If you are the sort to shirk away from grandiloquent displays of self-confidence à l'américaine;
If extremes of emotion make you wither in disgust;
If you think a life of toil, grey suits and substantial bank accounts is the highest form of accomplishment;
If you don't have any particular feelings of affection for me and would rather see me fail than succeed;
Then stop reading at once.
For today, Ladies and Gentlemen, today is the day when I announce to you all:
I AM AWESOME.
No no, seriously. Stop laughing. Stop it. I said stop it!
Let me prove it to you.
In the past month, I have:
- Awesomelly climbed the highest sand dune in the world and Table Mountain in the same week;
- Celebrated one year of being an awesome non-smoker;
- Taken my first ever ride in an awesome helicopter;
- Seen the most awesome Killers on stage;
- Run a totally awesome 21.1 kilometres;
- Realized that in certain places of my manuscript, my writing is - you guessed it - awesome.
There you have it. Are you in awe of me? Because I am in awe of me. So call me Barney and give me a high five.
Sadly, though, not all of us awesome people can be awesome all of the time.
Today, for example, I had a less than awesome moment (dear readers, turn away if you are squeamish and/or would rather keep me on that nicy cozy Res-shaped pedestal you've prepared.)
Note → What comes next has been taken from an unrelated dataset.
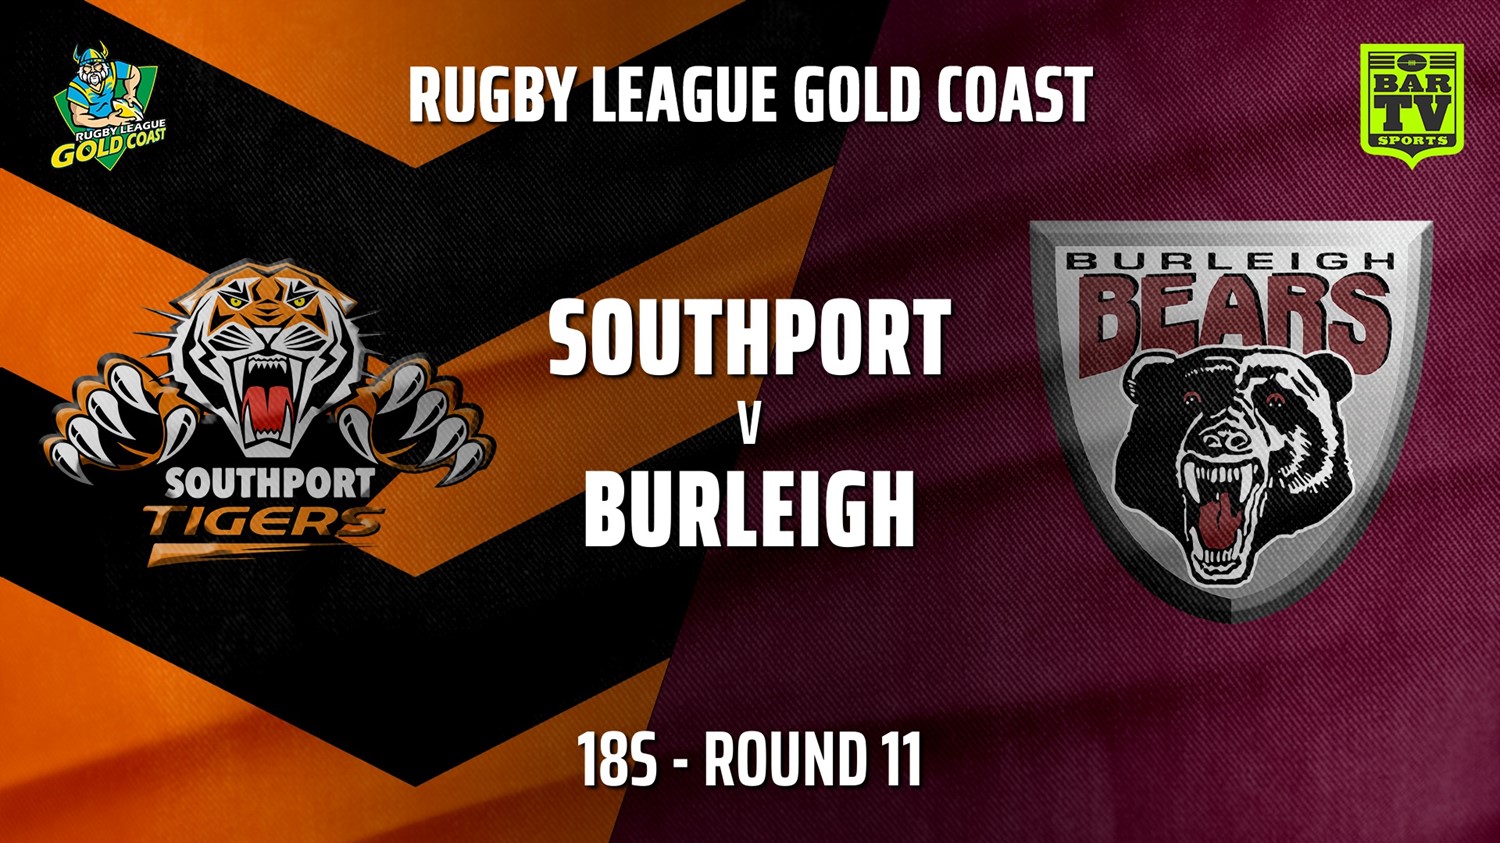 210828-Gold Coast Round 11 - 18s - Southport Tigers v Burleigh Bears Slate Image
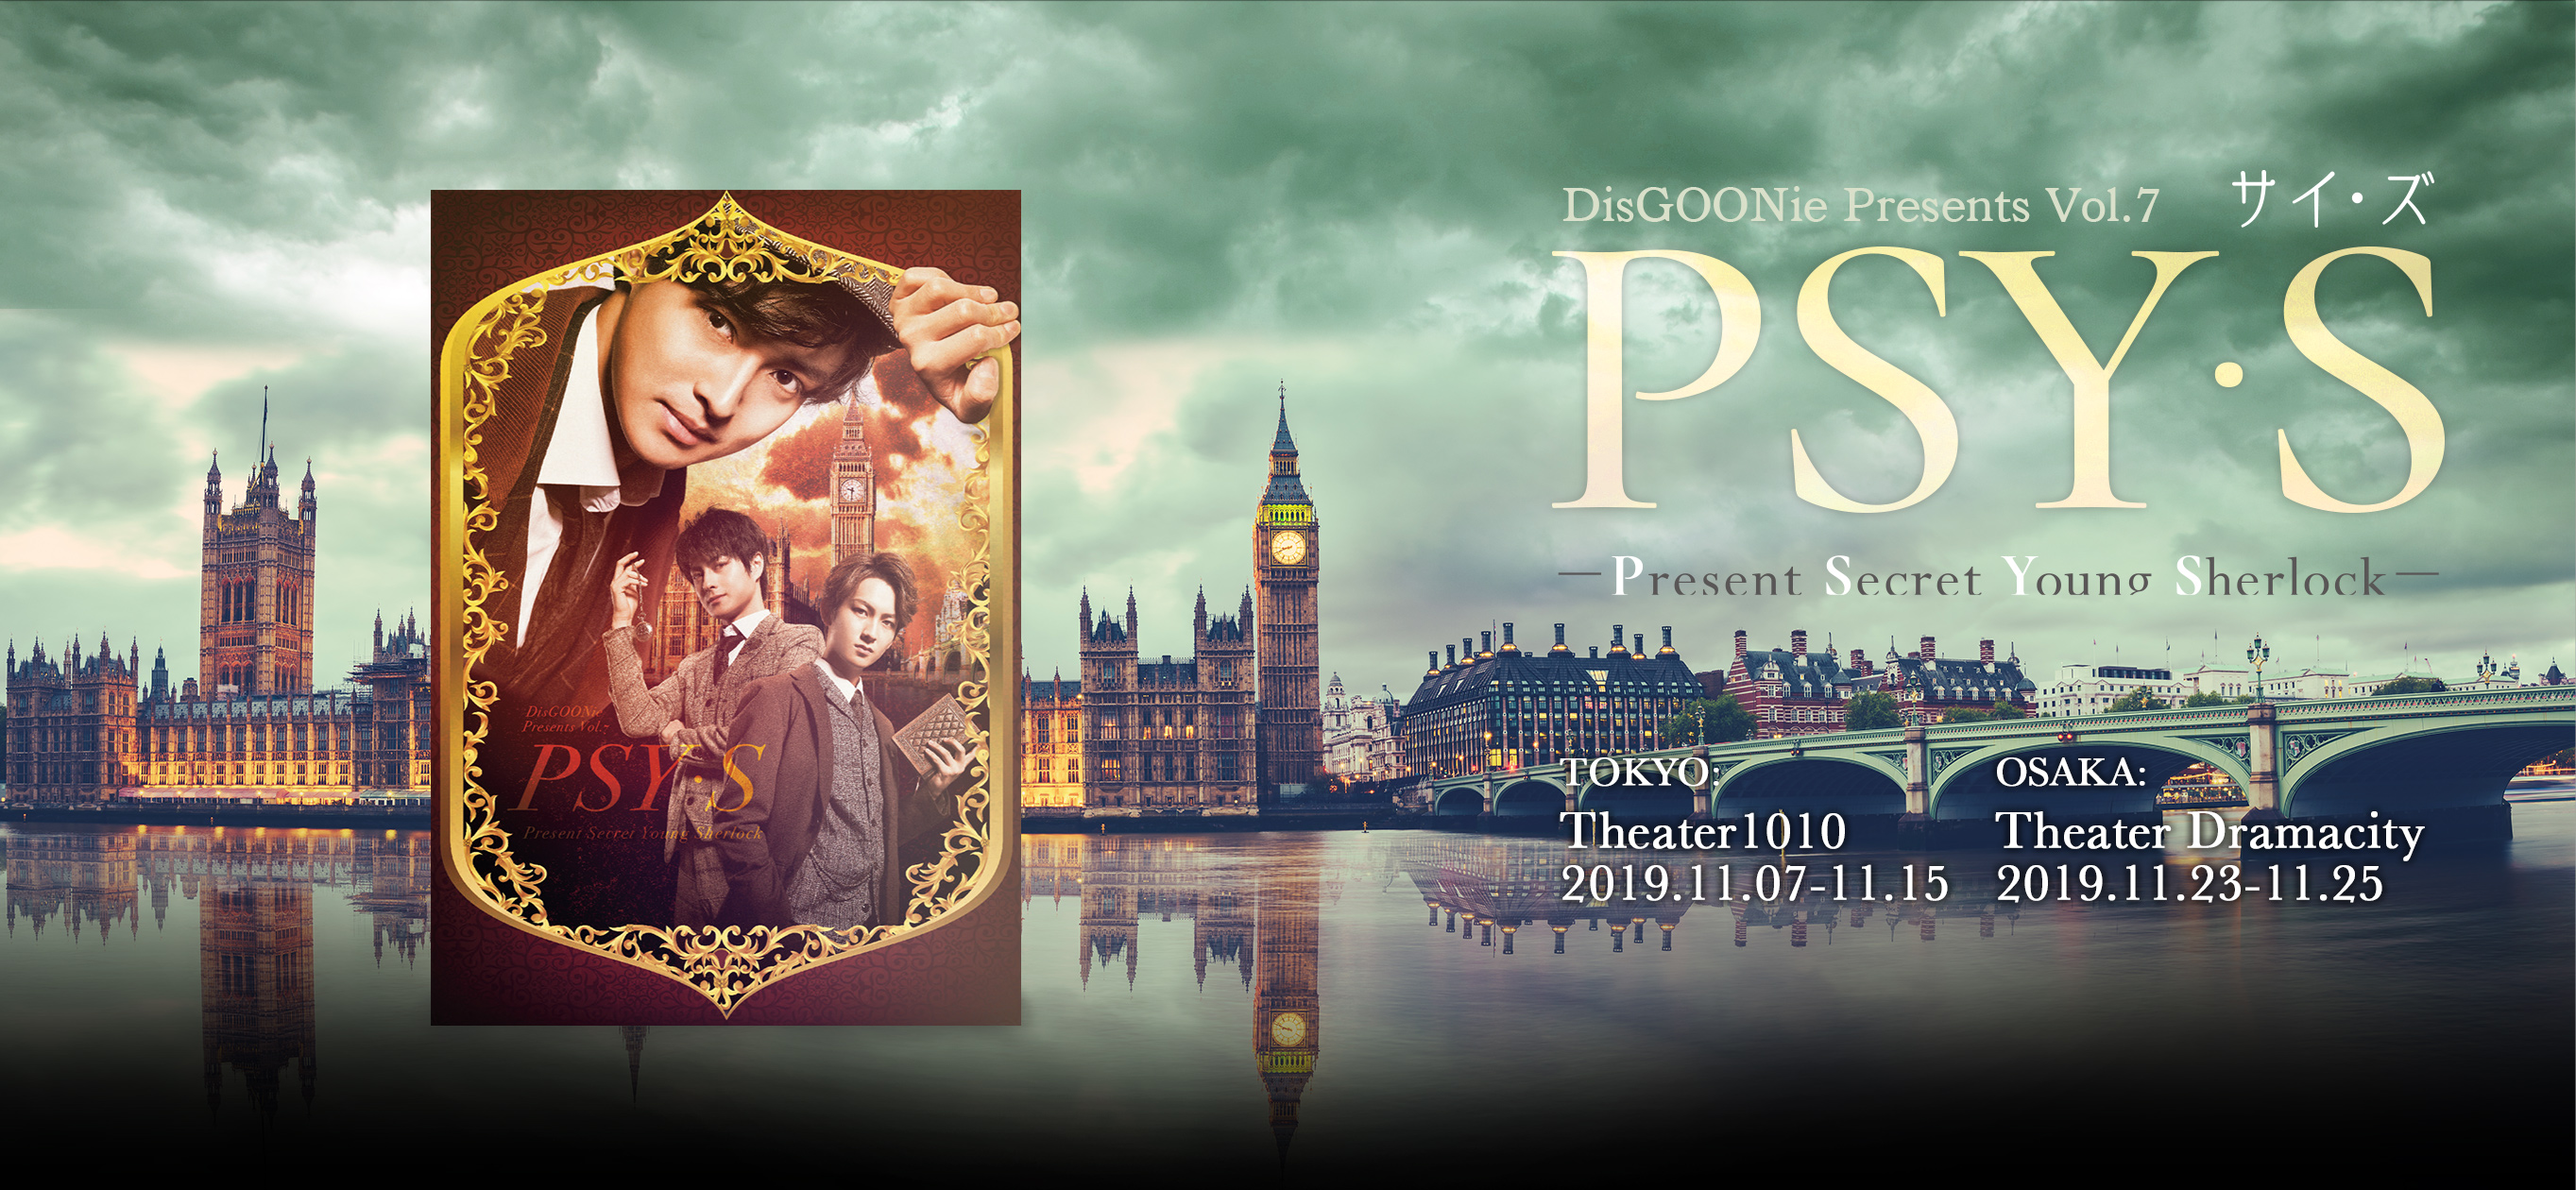 DisGOONie Presents Vol.7 舞台「PSY・S」（サイ・ズ）作・演出・プロデュース：西田大輔

Life as a girl, even an awesome one such as myself, involves a certain amount of - how should we put it - undesired accumulated insulation. In order to remove such insulation in time for bikini weather, I have decided to invest in what I have been assured is a high-ROI insulation elimination process.
Which began today, when I was given to wear... full-body tights. That's right. It's like a massive white baby suit. A giant human condom. Even Scarlett Johanssen would struggle not to look completely ridiculous in this thing.
And what was the point of this marvelous, "Star Trek does bad porn" attire, I hear you query?
Well, turns out the "process" I was signed up for today was to subject myself to the attentions of a giant vacuum cleaner. The point of the body tights, therefore, is to avoid accidentally getting swathes of my skin sucked up into the infernal machine. Good call, then, those tights.But Lord help me. I struggle to find appropriate topics of conversation with the lady who cuts my hair, or when I get my nails done. What on earth do you talk about to someone who's hoovering your ass?
PS: This post is dedicated to my favourite Montmartoise.